На него тут же зашикали, стараясь сгладить глупое озорство. Сеит-Ахмед, однако, сразу же ухватился — что это такое? Князья разом заговорили:
— Негожее это место, господин, проклятое Богом и людьми. Тама чёрт с ведьмой свадьбу играют, а лешаки пляшут. Нам идти туда людей не заставить. Пустое ляпнул вьюнош, не бери в голову, господин.
Сеит-Ахмед стукнул по столу — молчать! — и поманил к себе молодого Одоевского. Тот бесстрашно подошёл к грозному татарину.
— Почему про штаны сказал? — царевич брезгливо поджал губы.
— Сам слышал — лешаки пляшут. Там страхота...
Сеит-Ахмет приказал принести карту и стал прикидывать — через эту Чёртову Росточь действительно прямой путь выходит.

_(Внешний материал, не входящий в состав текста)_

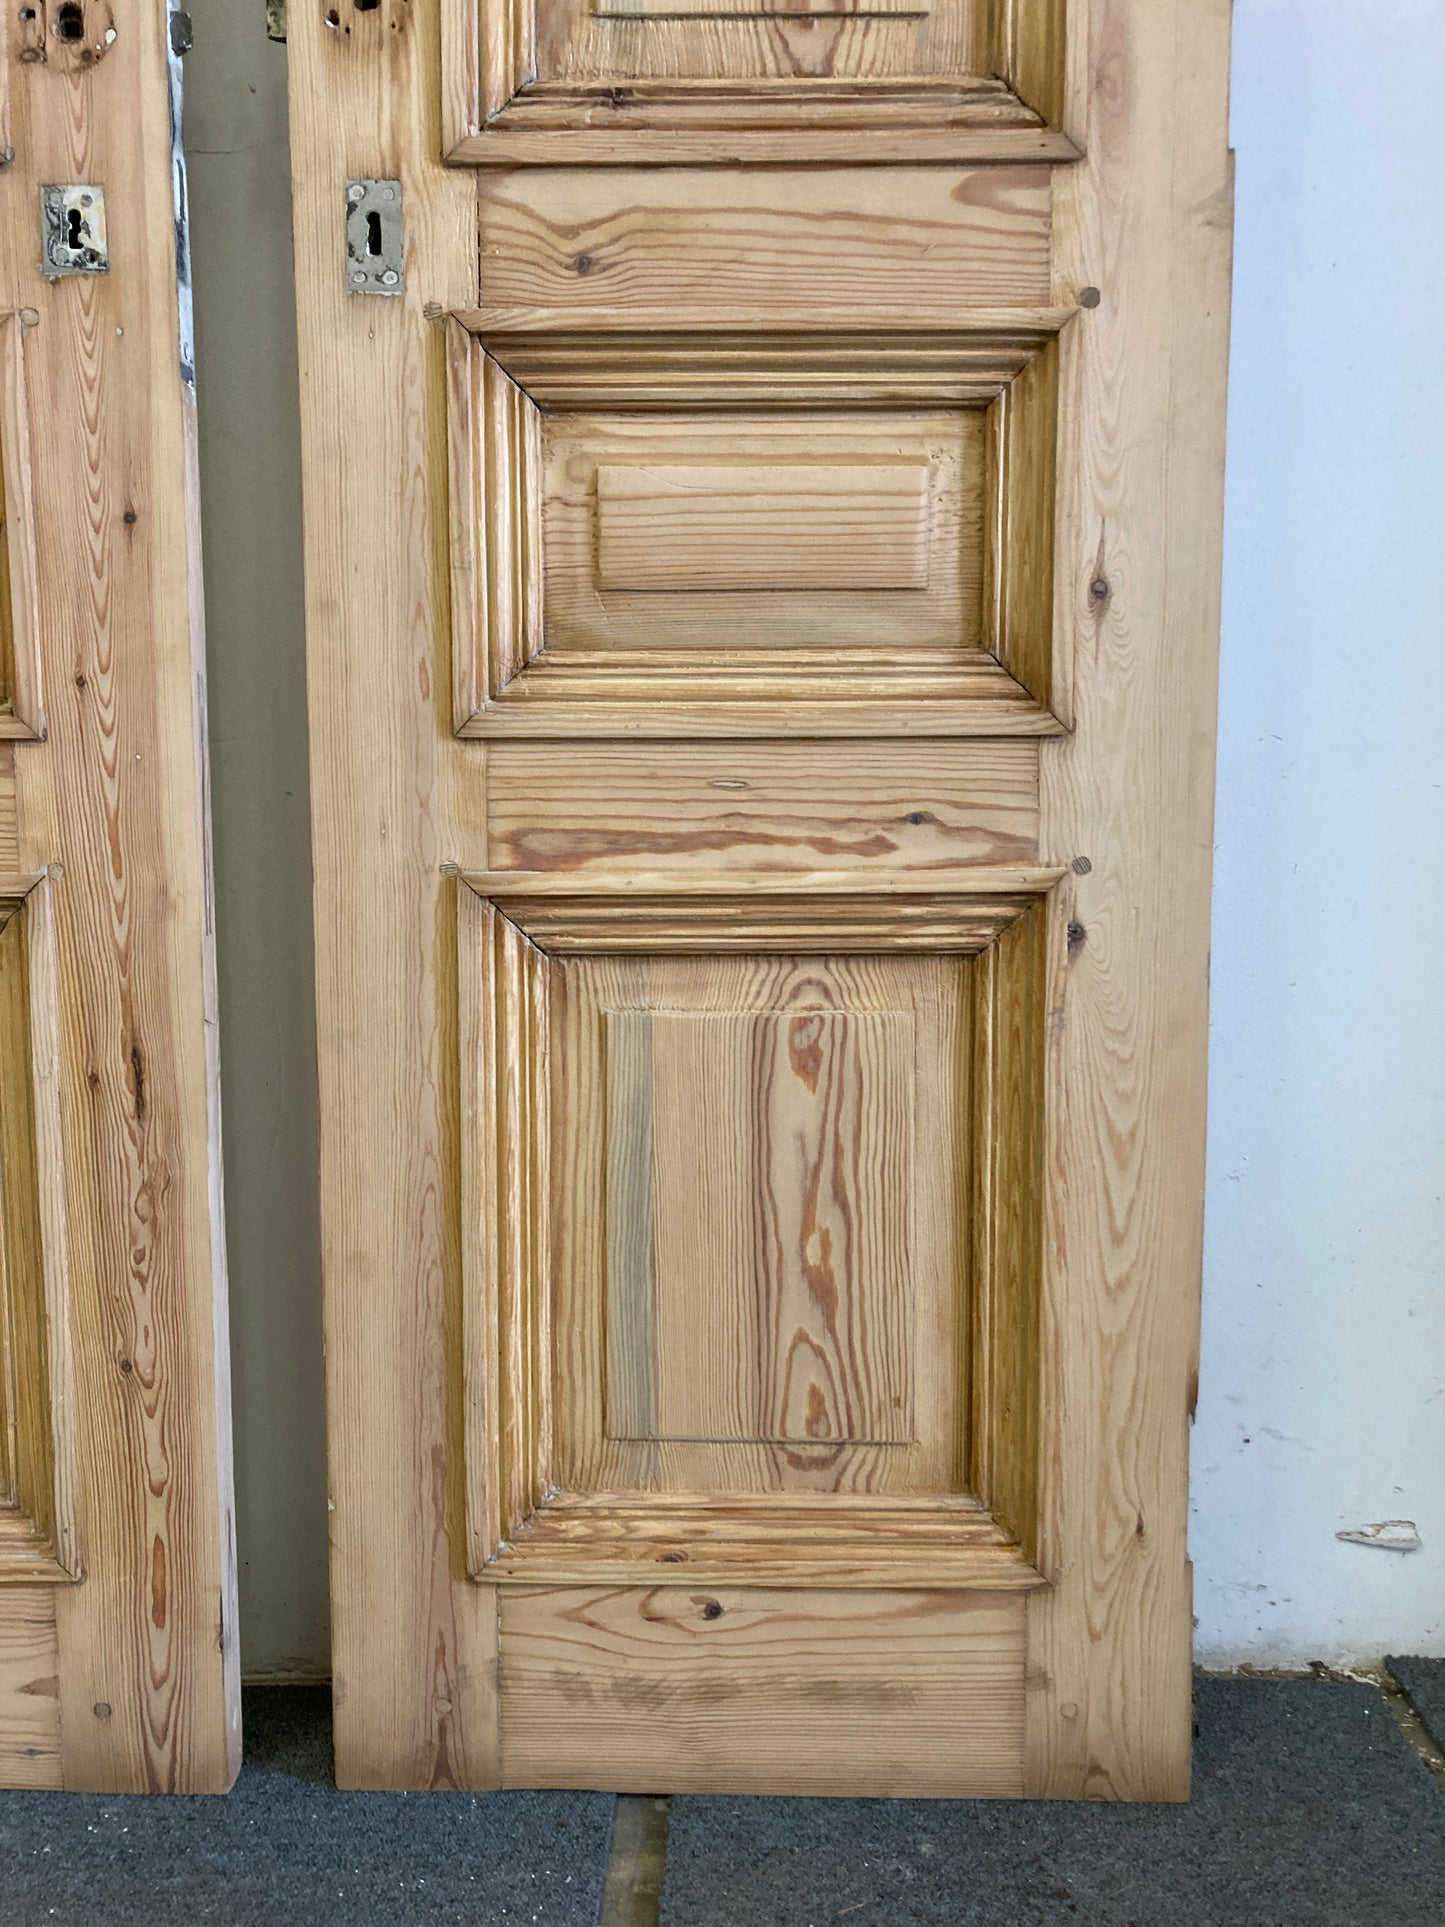 Dubbele houten binnendeur - afgeschuurd (198 x 56)

— Кто нас сможет отвести туда?
Князья молчали, опустив головы.
— Никто не пойдёт, — осмелился Воротынский, — бо бесовская сила, завидя человечье обличив, возрадуется злокозненным сердцем, воскипит всеми удами[66], желая его изгубити, и скрежещет, когда ещё не до конца видит его в руцех своих...
Сеит-Ахмед оборвал толмача, который даже вспотел, пытаясь перевести Воротынского на понятный язык, — тут без всяких слов ясно, что князья противятся его желанию.

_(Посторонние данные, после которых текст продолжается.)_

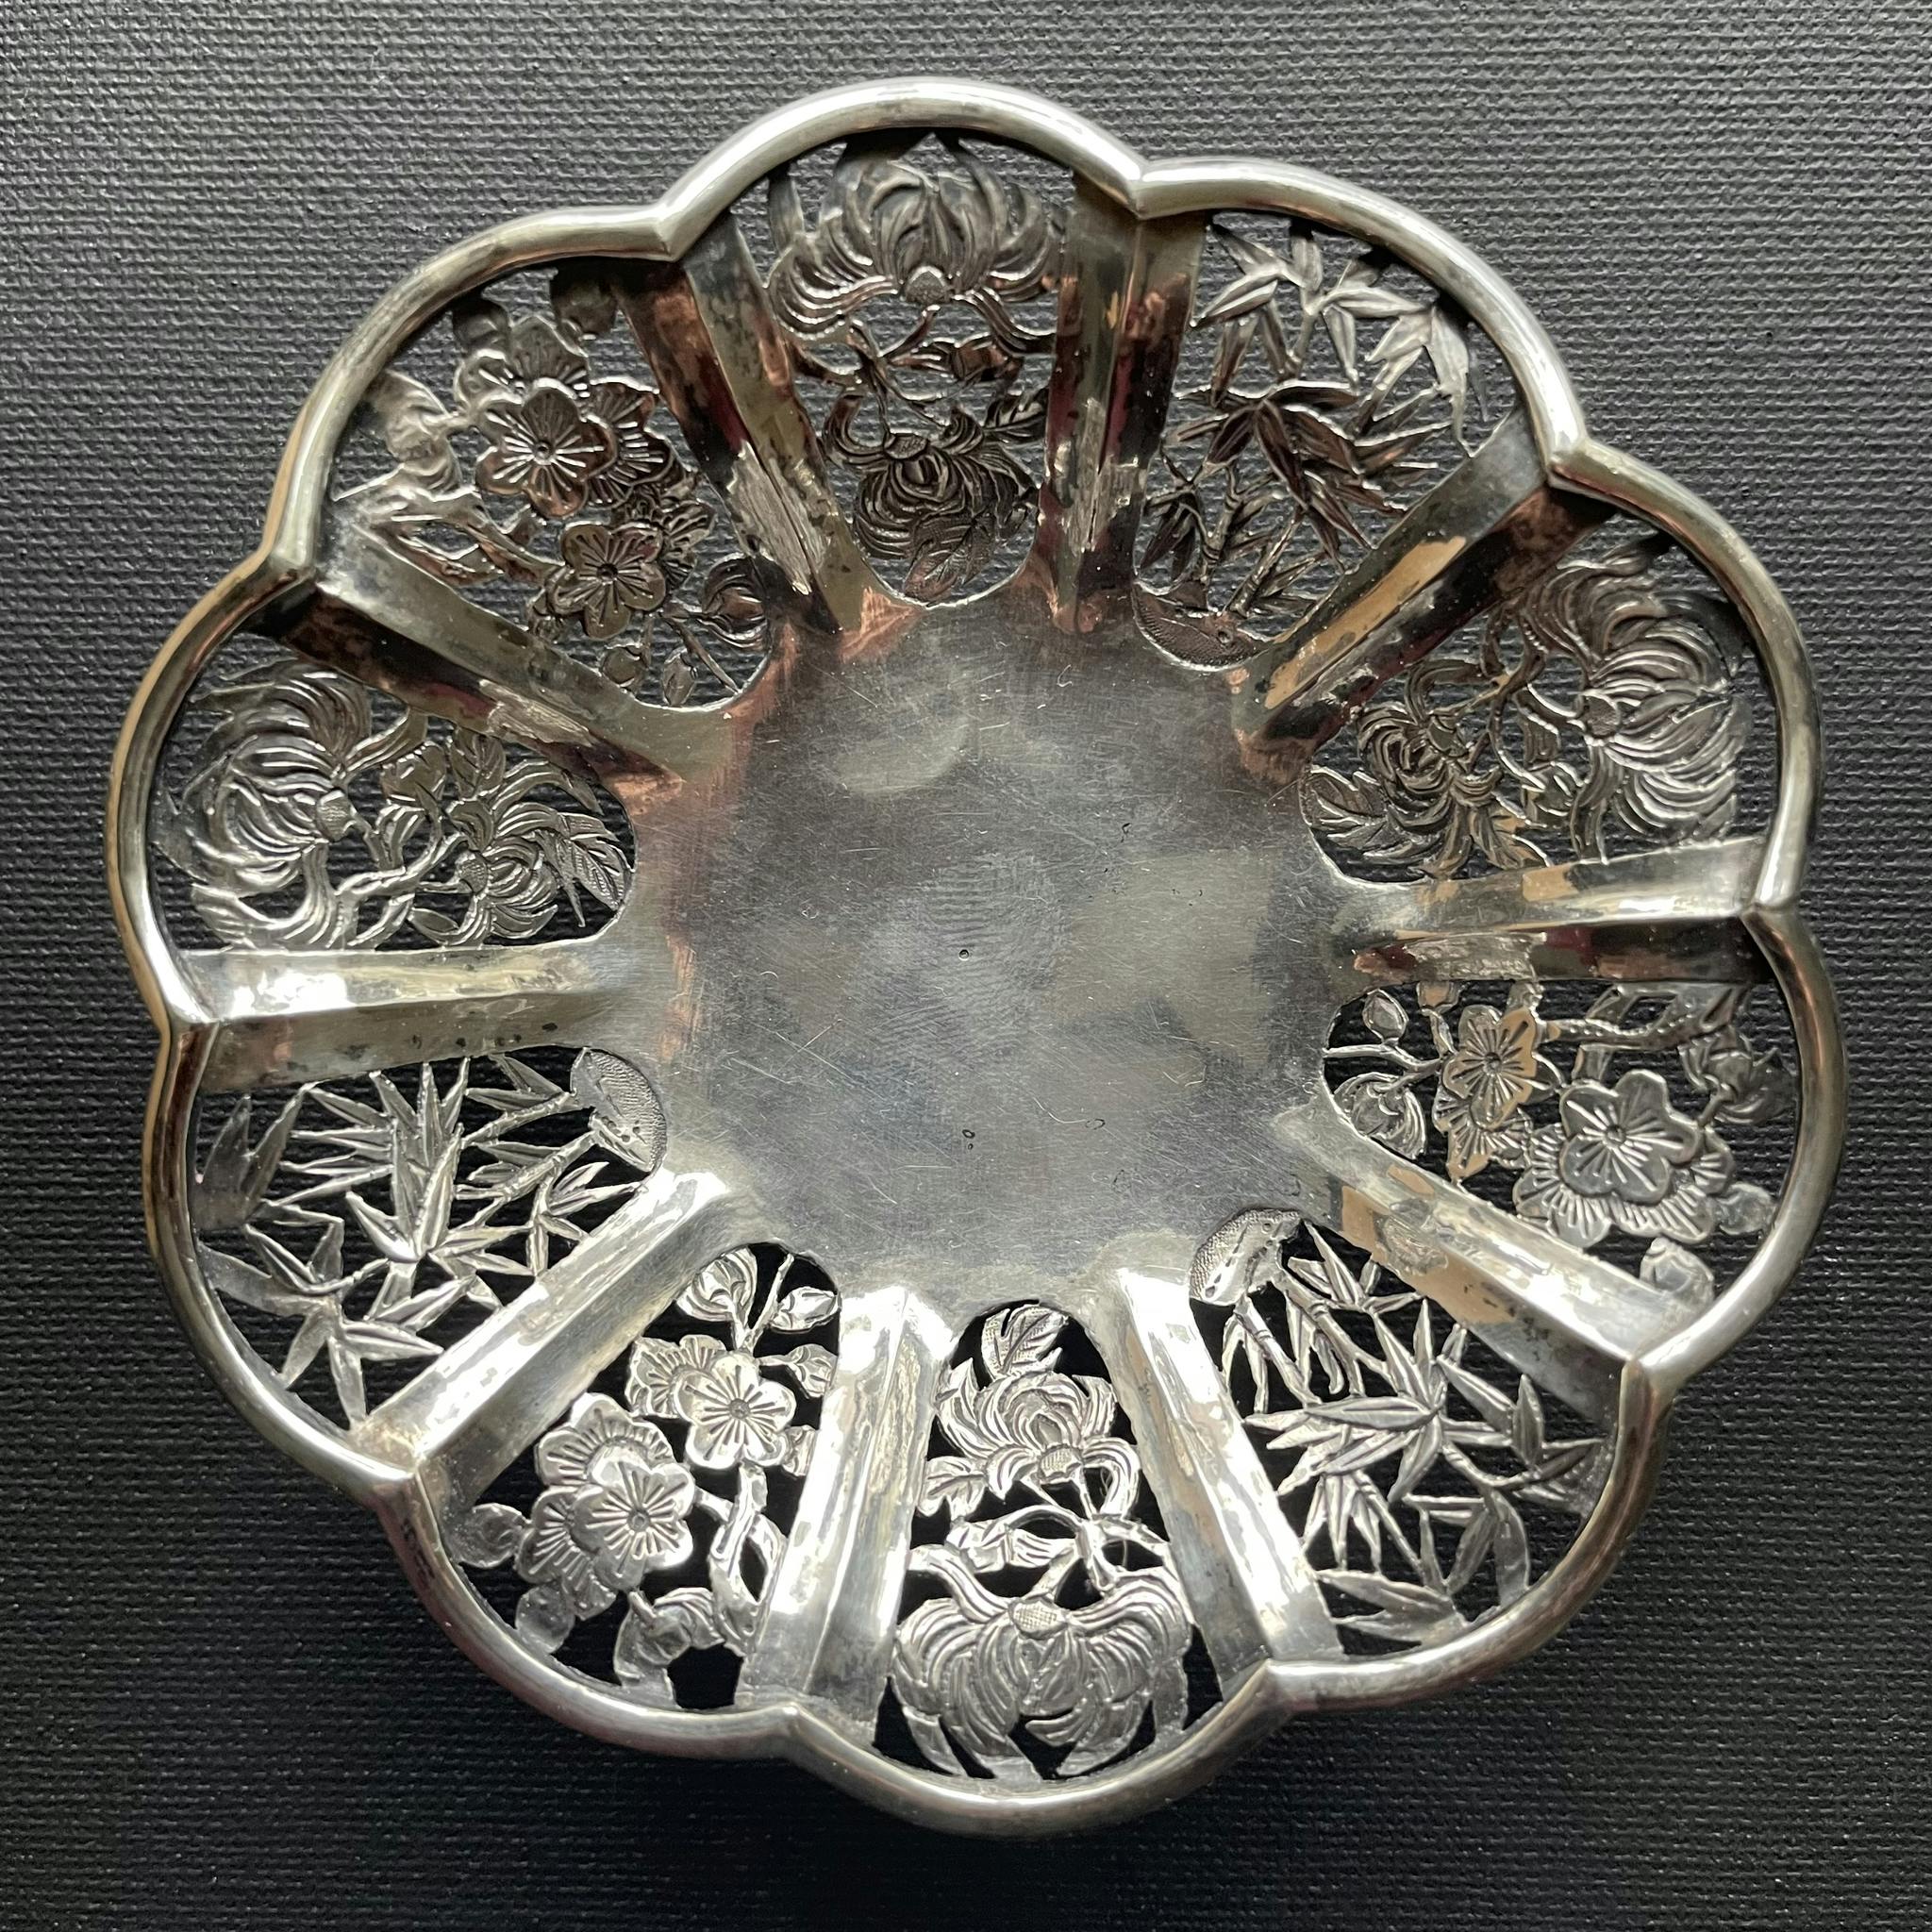 Antique pair of Chinese export silver bowls, Wang Hing company, Canton

— Как это никто не пойдёт? — вскричал он. — Разве у вас не принято повиноваться приказам?
— У нас-то принято, — заворчали князья, — но кому охота самому на погибель идтить?
— При чём тут «охота» или «неохота»? — На царевича начал накатывать гнев, — в войске никто ничего не делает по охоте, но по желанию начальников. Только то, что ему прикажут, только то! Без рассуждений и раздумий, без страха и сомнений! Как же вы хотите побеждать, если не научили своих людей послушанию?!

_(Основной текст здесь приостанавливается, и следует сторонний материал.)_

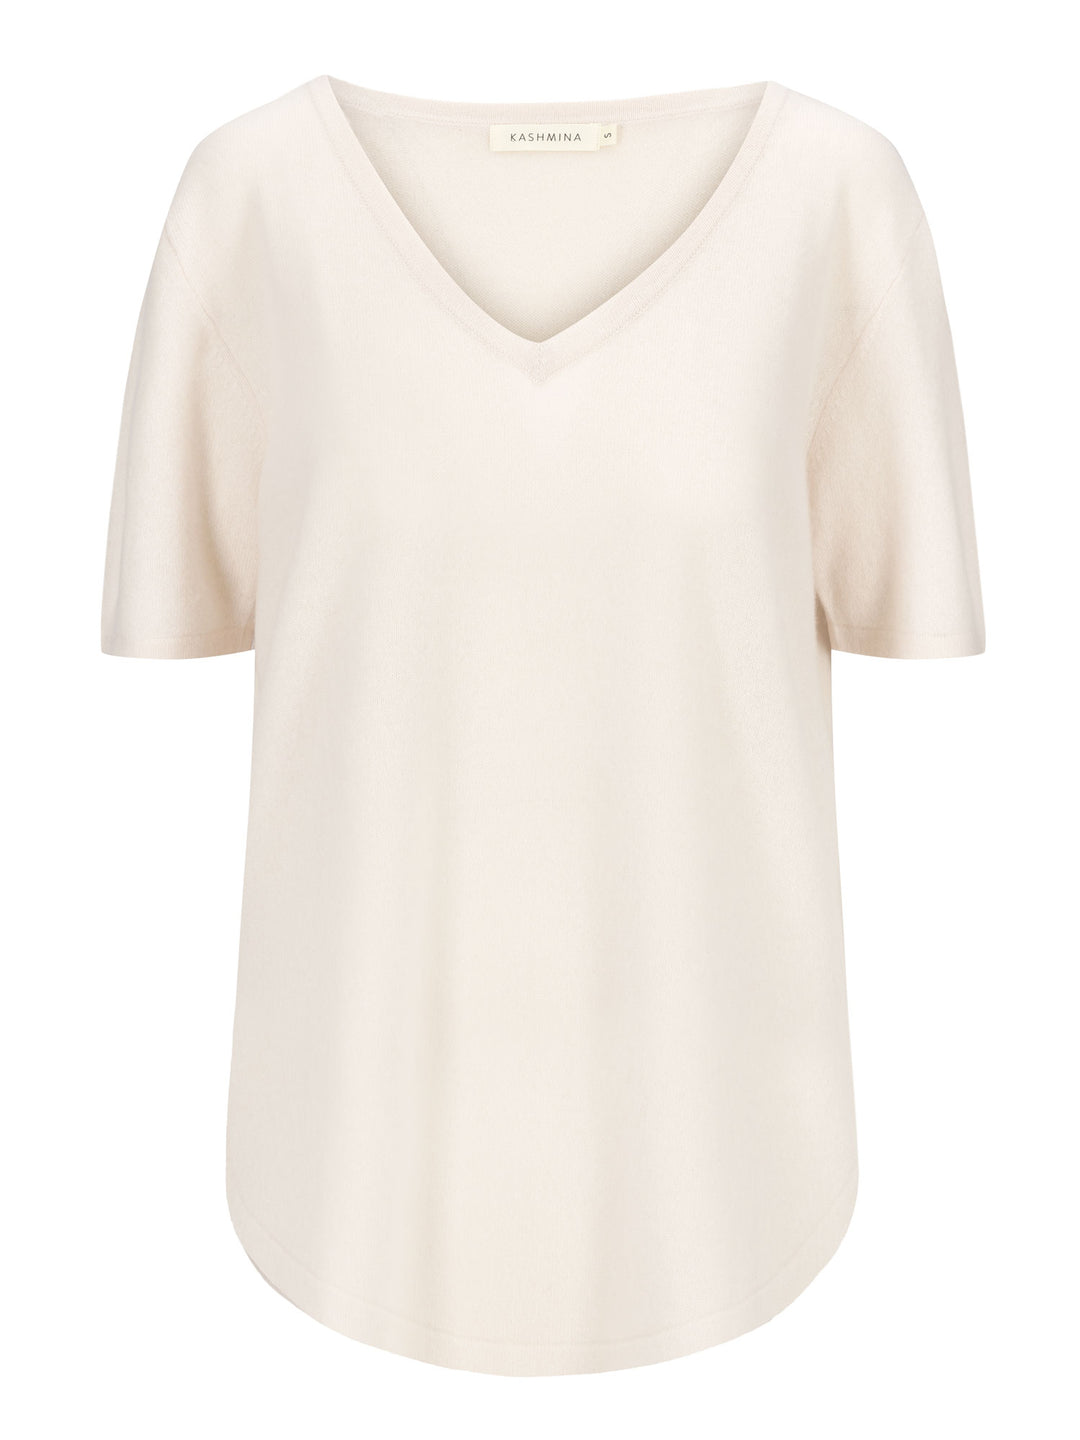 Cashmere T-shirt "Iben" 100% cashmere from Kashmina. Scandinavian design. Color pearl

— Может, оно и так, господин, а всё одно проводников в это гиблое место тебе не найти, — продолжали упорствовать князья.
— Мне незачем кого-то искать. Вот он и поведёт! — ткнул Сеит-Ахмед в молодого Одоевского.
Старший побледнел, вскочил с места.
— Побойся Бога, царевич! — вскричал он. — Почто над мальцом изгиляешься? Он ведь ещё несмышлёныш.
— Не-ет, он уже большой. — Сеит-Ахмед оценивающе оглядел стоящего перед ним юношу, — он уже смеет дерзить царевичу. Но если ты всё-таки считаешь его несмышлёнышем, я возьму ещё и твою княгиню. Пусть она наставляет его разуму, а мне будет спокойнее.
Одоевский так и остался стоять с открытым ртом — воистину всякое обращение к царевичу оборачивалось ещё большим злом.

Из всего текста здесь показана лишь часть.